[Work order]: Here is the task for the listing below: output exactly the lines from the one containing "Bundeskanzlerin Angela Merkel" through the one containing "インダストリアルスタイルのベッドルームデザイン", and leave out the pictures.

[Data for processing]:
*** Begin section ***

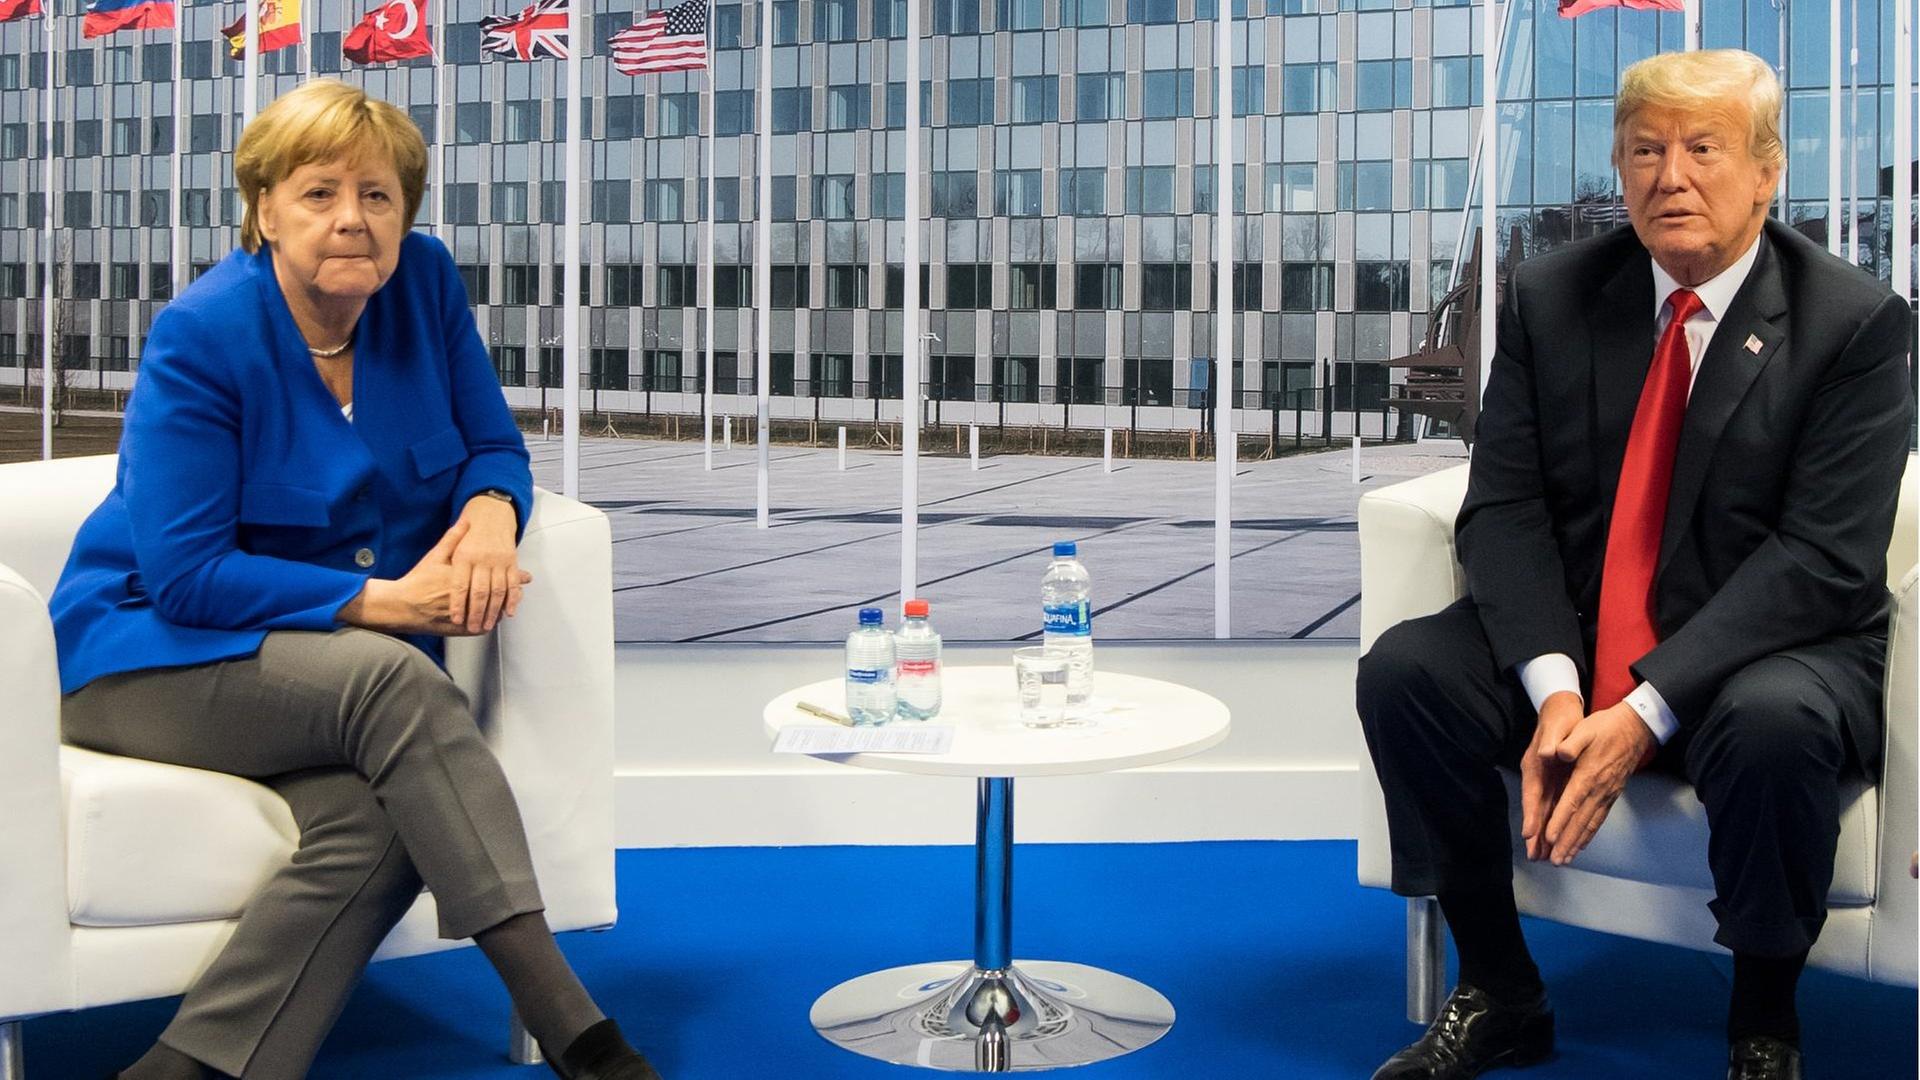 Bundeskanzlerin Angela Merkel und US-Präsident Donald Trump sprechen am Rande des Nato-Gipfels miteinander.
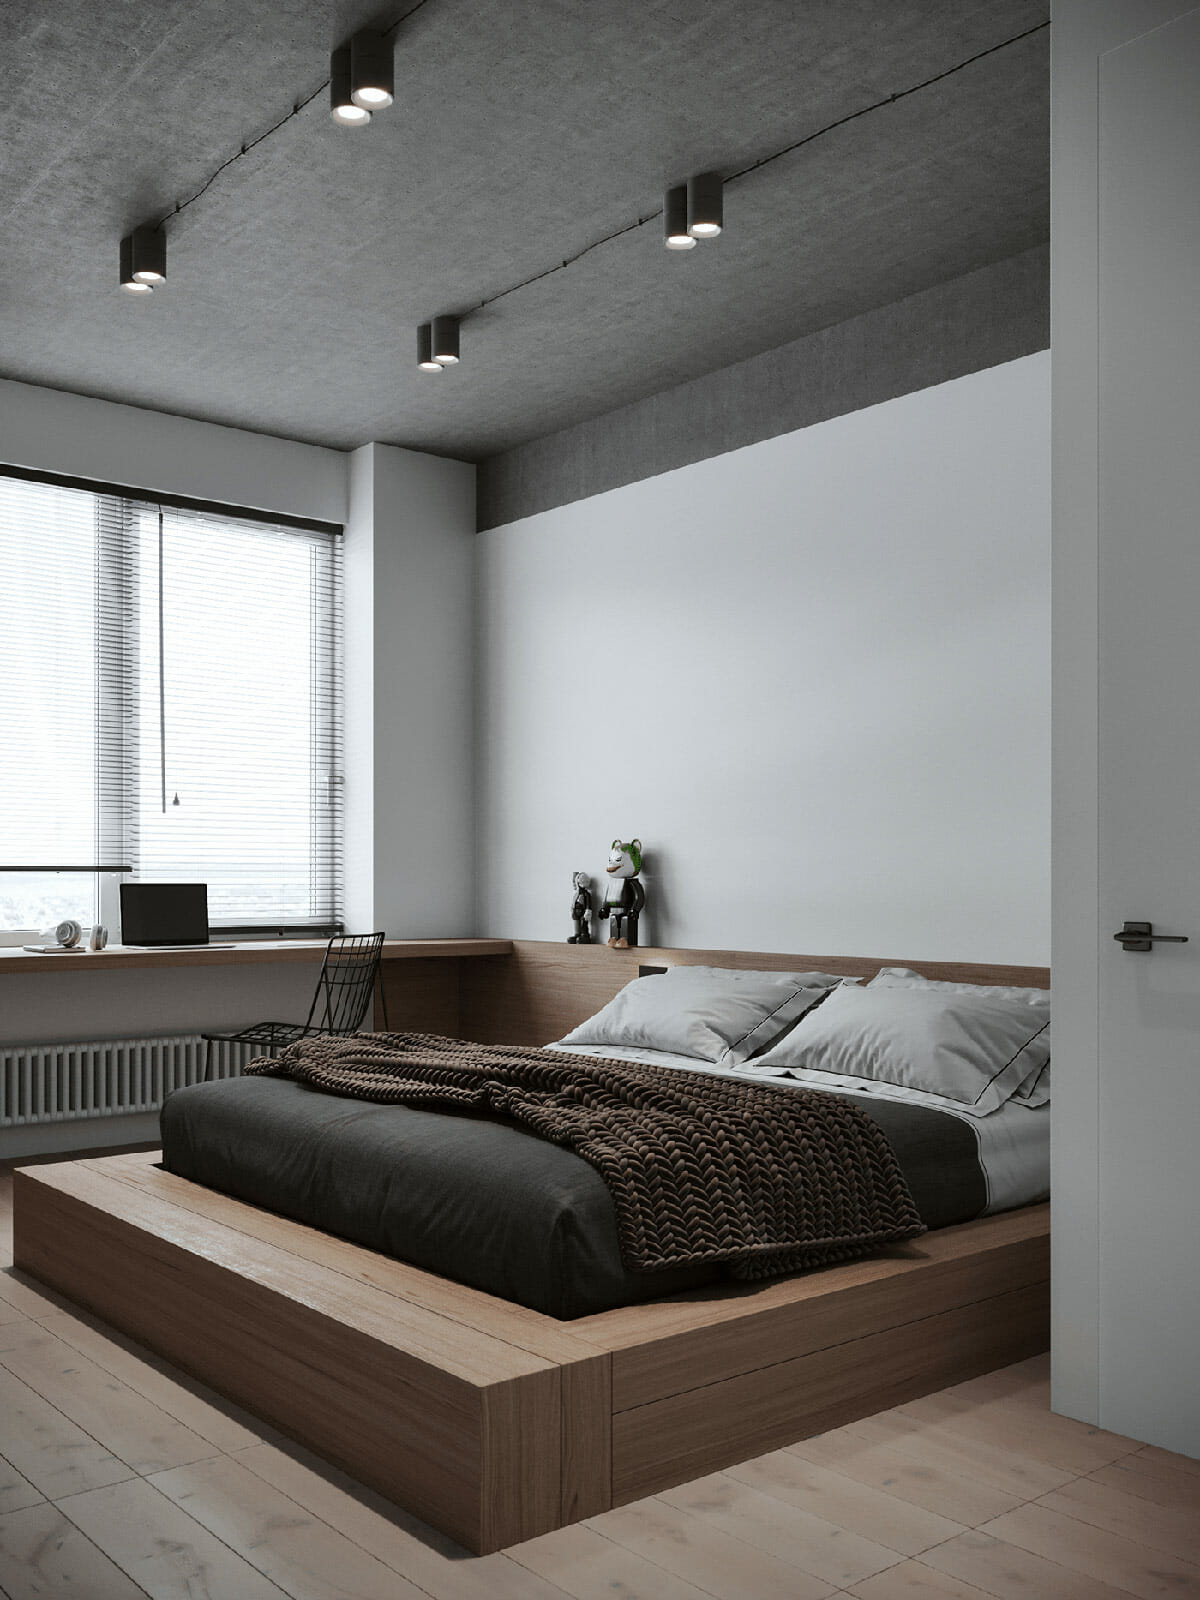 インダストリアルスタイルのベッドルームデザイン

*** End section ***
*** Begin section ***

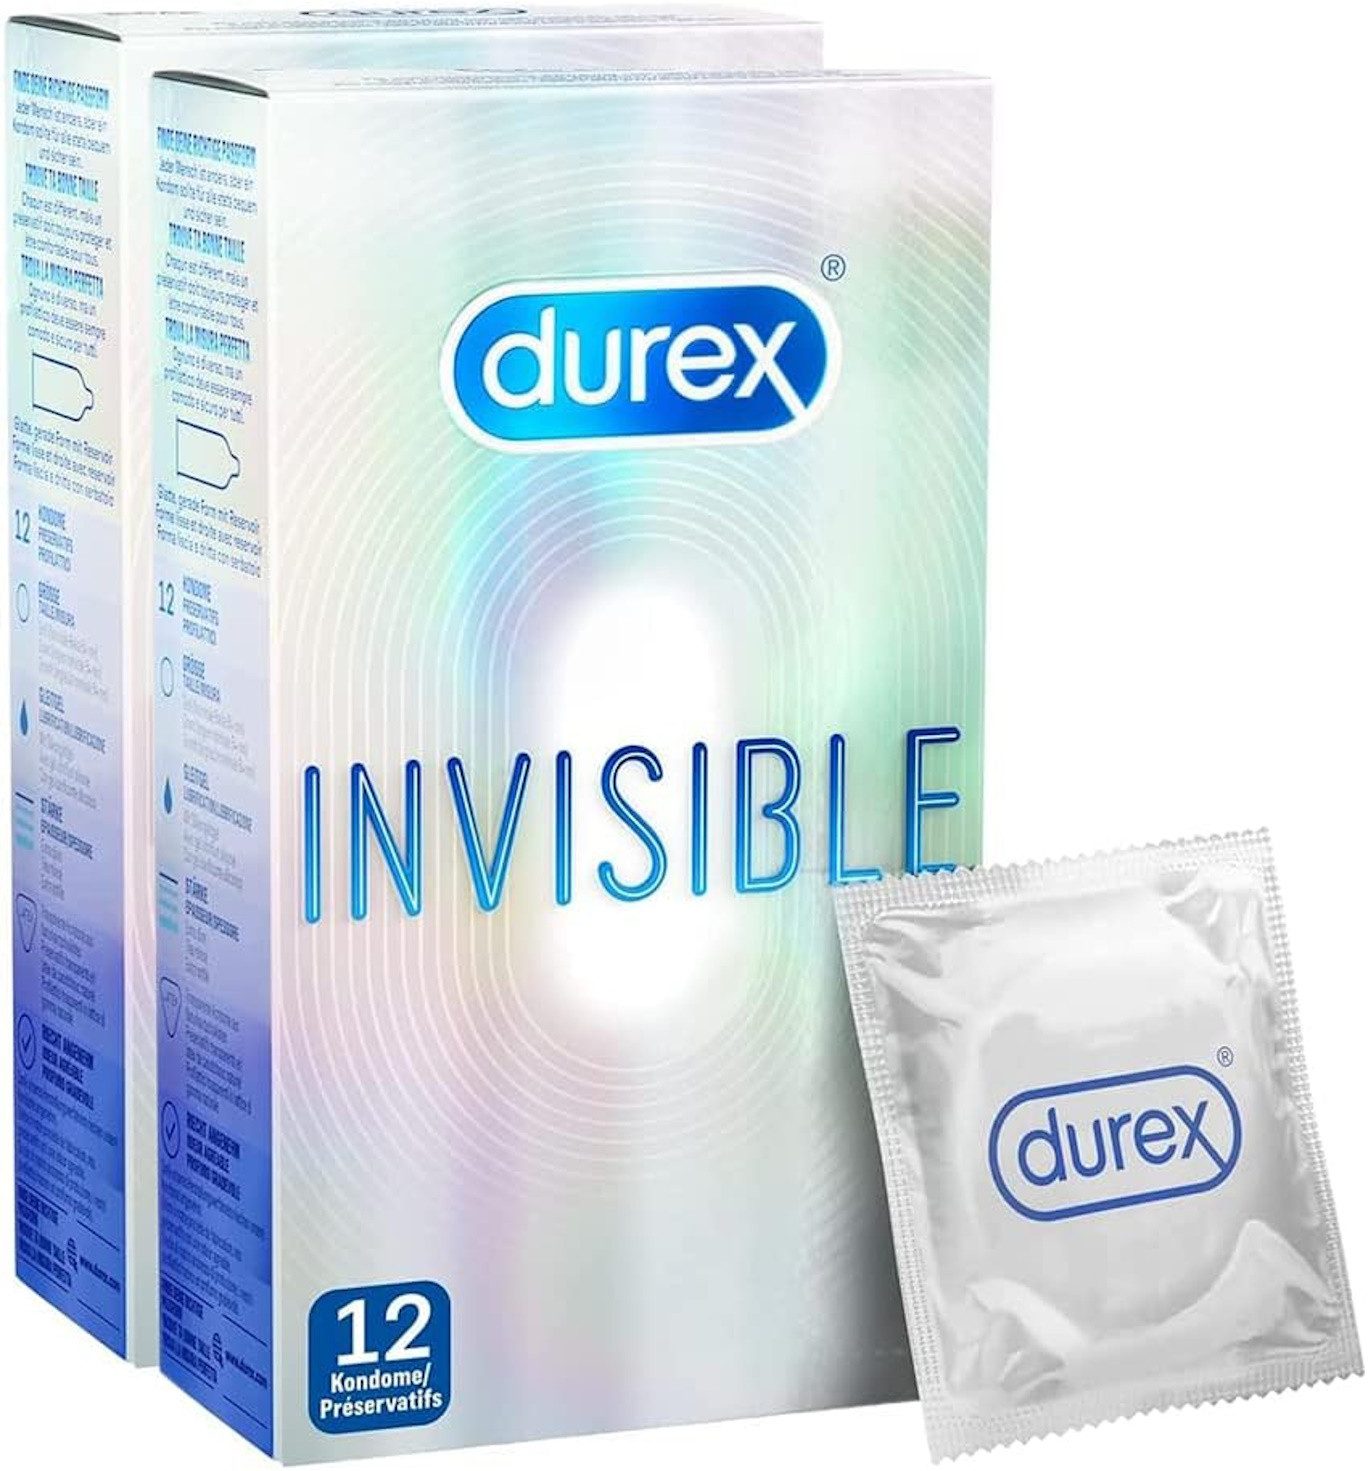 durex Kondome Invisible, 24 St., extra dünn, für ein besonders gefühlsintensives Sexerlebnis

*** End section ***
*** Begin section ***

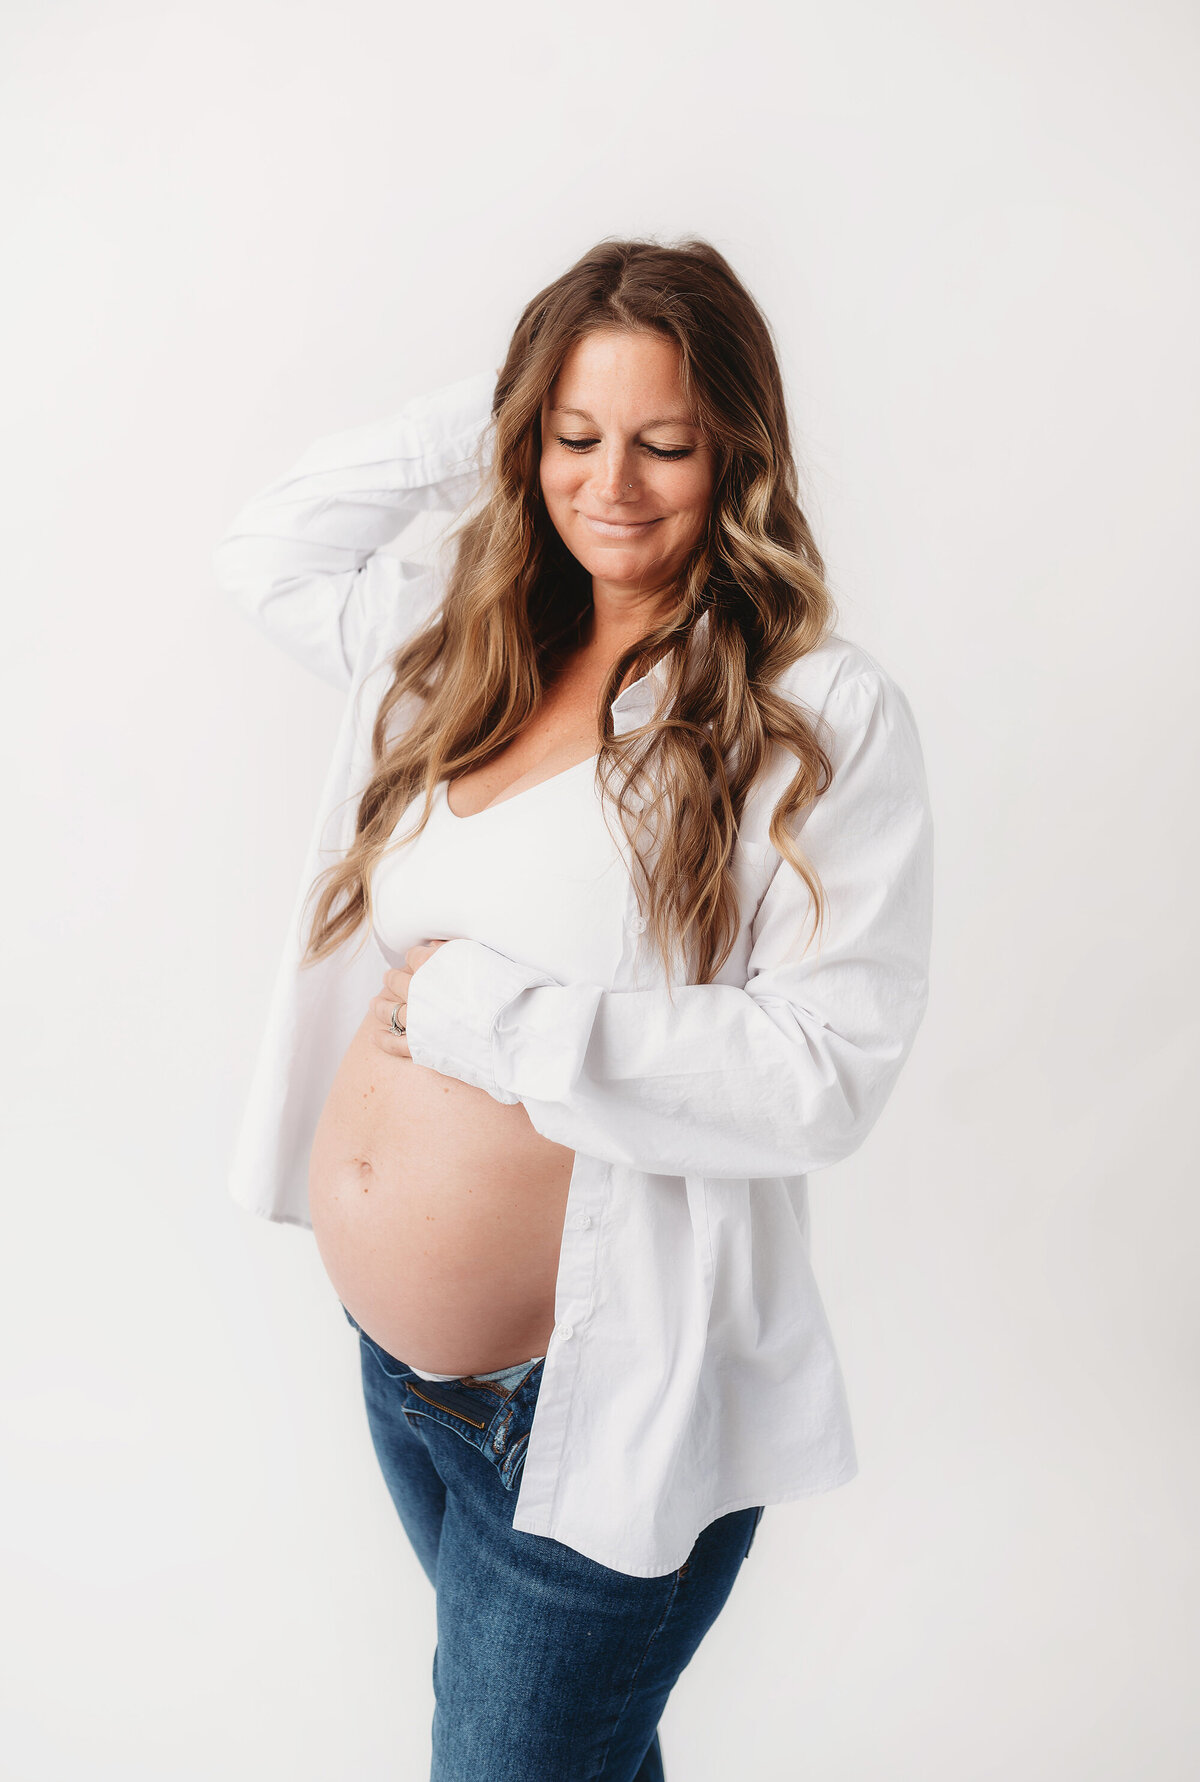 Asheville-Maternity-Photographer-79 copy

*** End section ***

[Result of the task]:
 Bundeskanzlerin Angela Merkel und US-Präsident Donald Trump sprechen am Rande des Nato-Gipfels miteinander.
 インダストリアルスタイルのベッドルームデザイン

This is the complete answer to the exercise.